羽柴家の小姓をかどわかそうとしたり、貴人護送中の小一郎殿に襲い掛かったりしたのだとか──。
家臣の不明は主君である私自身の不明。小一郎殿、藤田の不埒な行状、私が代わって深くおわび申し上げます」
明智殿が両手をついて、小一郎様に深く頭を下げる。
「──なら、わしが先日、藤田殿にとった処分についても、明智家は異存はないということでよろしいのですな?」
「無論です。藤田の勝手な振舞いが元凶であるのに、どうしてそれがしが文句など言えましょう」
殊勝に答えているようにしか見えないあたり、明智殿も相当にしたたかだな。
「うーん。しかし、まことにわしや羽柴家だけが狙いだったのかのう?
実は藤田殿が、三介様や三七様に伊賀侵攻を唆しとったこともわかっとる。証人もおるからな」
「な、何ですと⁉ 藤田がそんな大それたことを──」
「それに、織田筒の横流しのこともある。となると、藤田殿の狙いはわしらではなく、織田家に仇なすことだったのではないかとも思えるんじゃがなぁ」
「さて、そればかりはわかりかねますな。まさか本人に真意を尋ねるわけにも参りませんので」
これは、はっきりと挑発する口調だ。自分を疑っているのは先刻承知だが証拠などあるまい、出せるものなら出してみろということなのだろう。
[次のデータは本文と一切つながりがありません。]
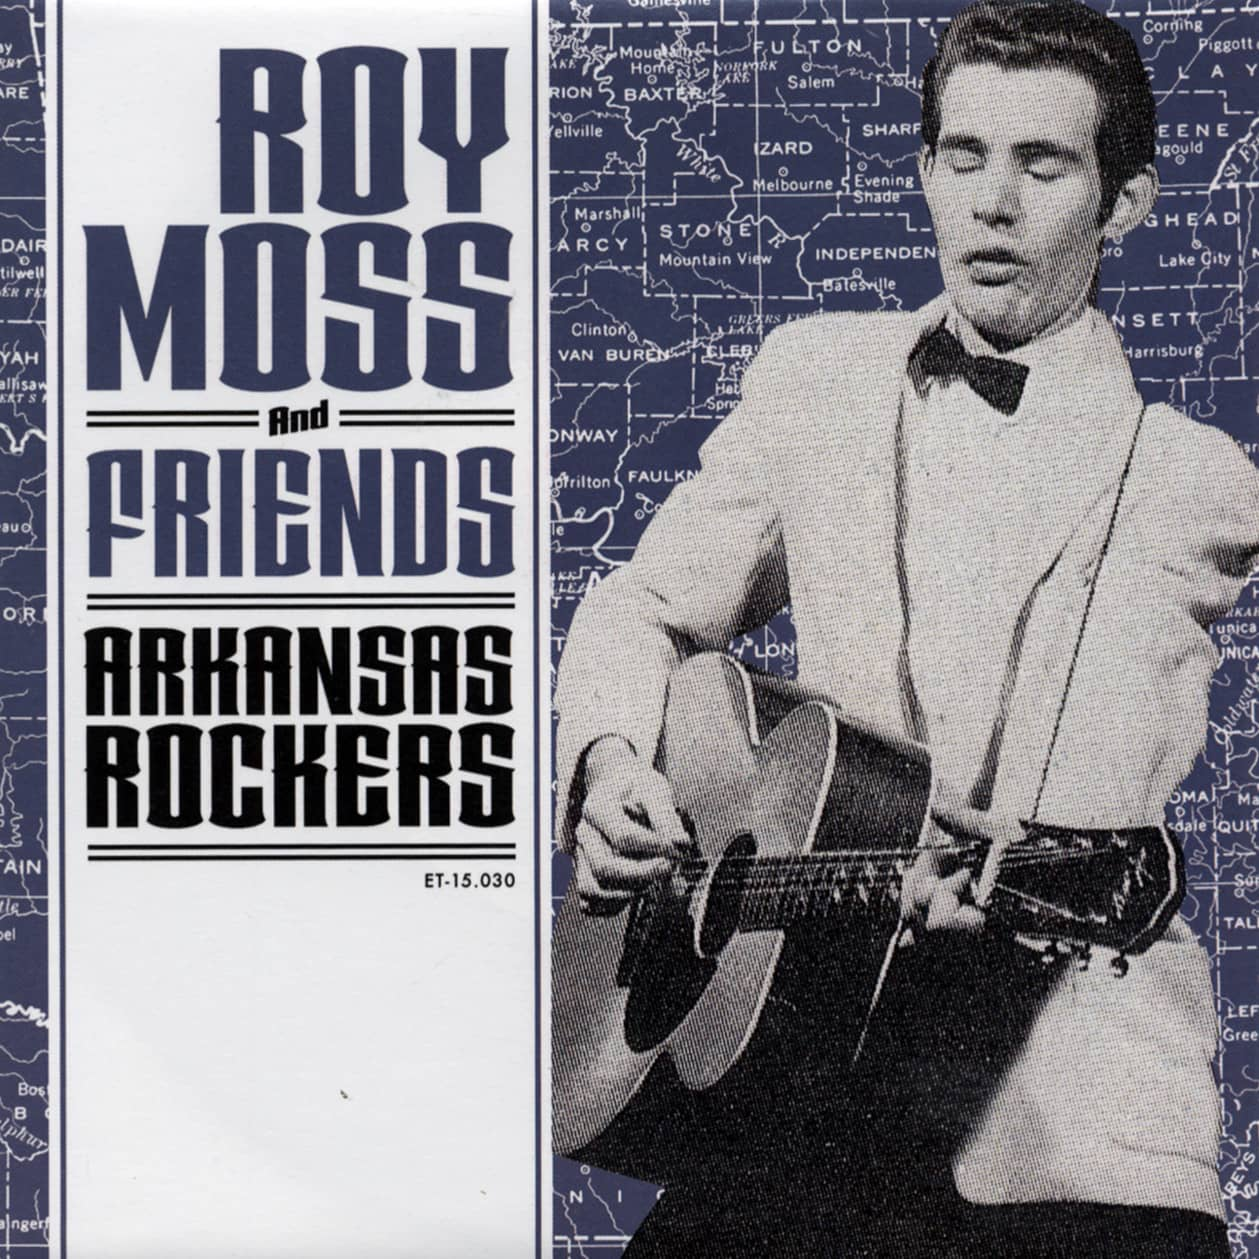 Roy Moss & Friends - Arkansas Rockers 7inch, 45rpm, EP, PS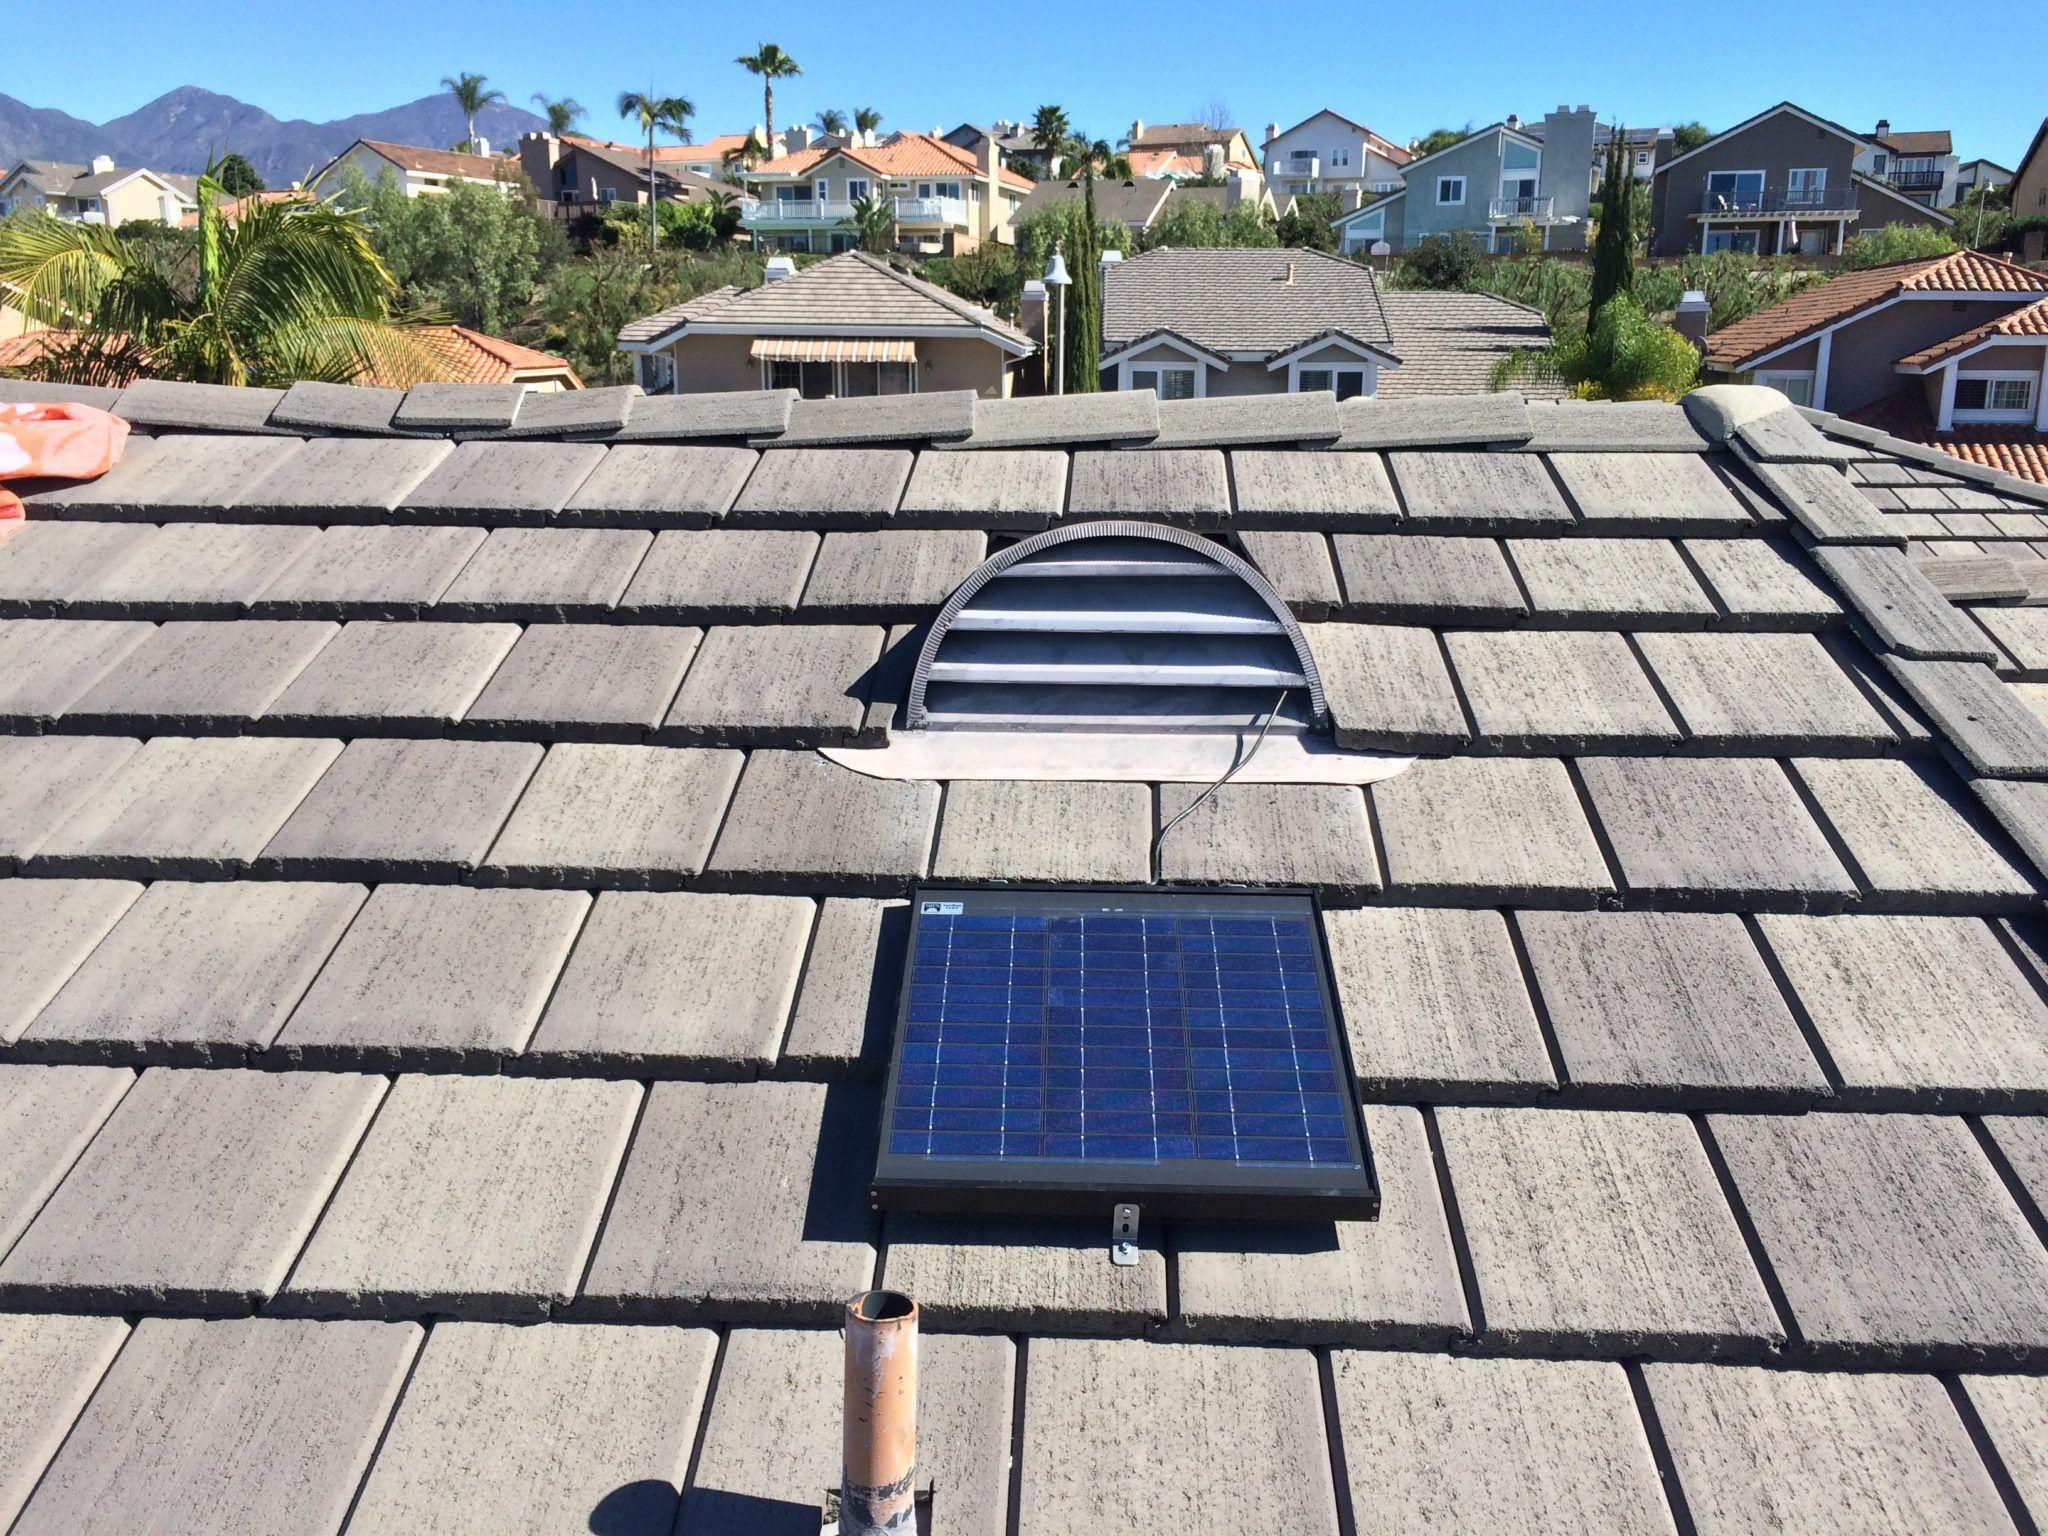 Gable Solar Attic Fan Model Installed From Sunrise Solar Off Grid Solar Panels Off Grid Solar Solar Power House

しばらくおふたりの静かな睨み合いが続いていたが、割って入るようにお館様が言葉を発した。
「もう良い。十兵衛、あくまで藤田が勝手にやったことで、自分は与り知らぬということなのだな?」
「はっ」
「しかし、家臣のしでかしたことに関しては、おぬしにも監督責任はあろう。また、織田筒の管理が行き届いていなかったこともな。相応の罰は受けてもらわねばならんぞ」
「無論です。如何様な沙汰もお受けいたします」
「うむ。当面は謹慎だ。それと、詫び状を一筆書いてもらう」
お館様の合図で俺が硯と紙を持っていくと、明智殿は躊躇うことなくすらすらと筆を走らせた。横合いから少し覗いてみたが──うわ、よくもまあ、股肱の臣のことをそこまで悪しざまに書けるよなぁ。鬼かあんたは。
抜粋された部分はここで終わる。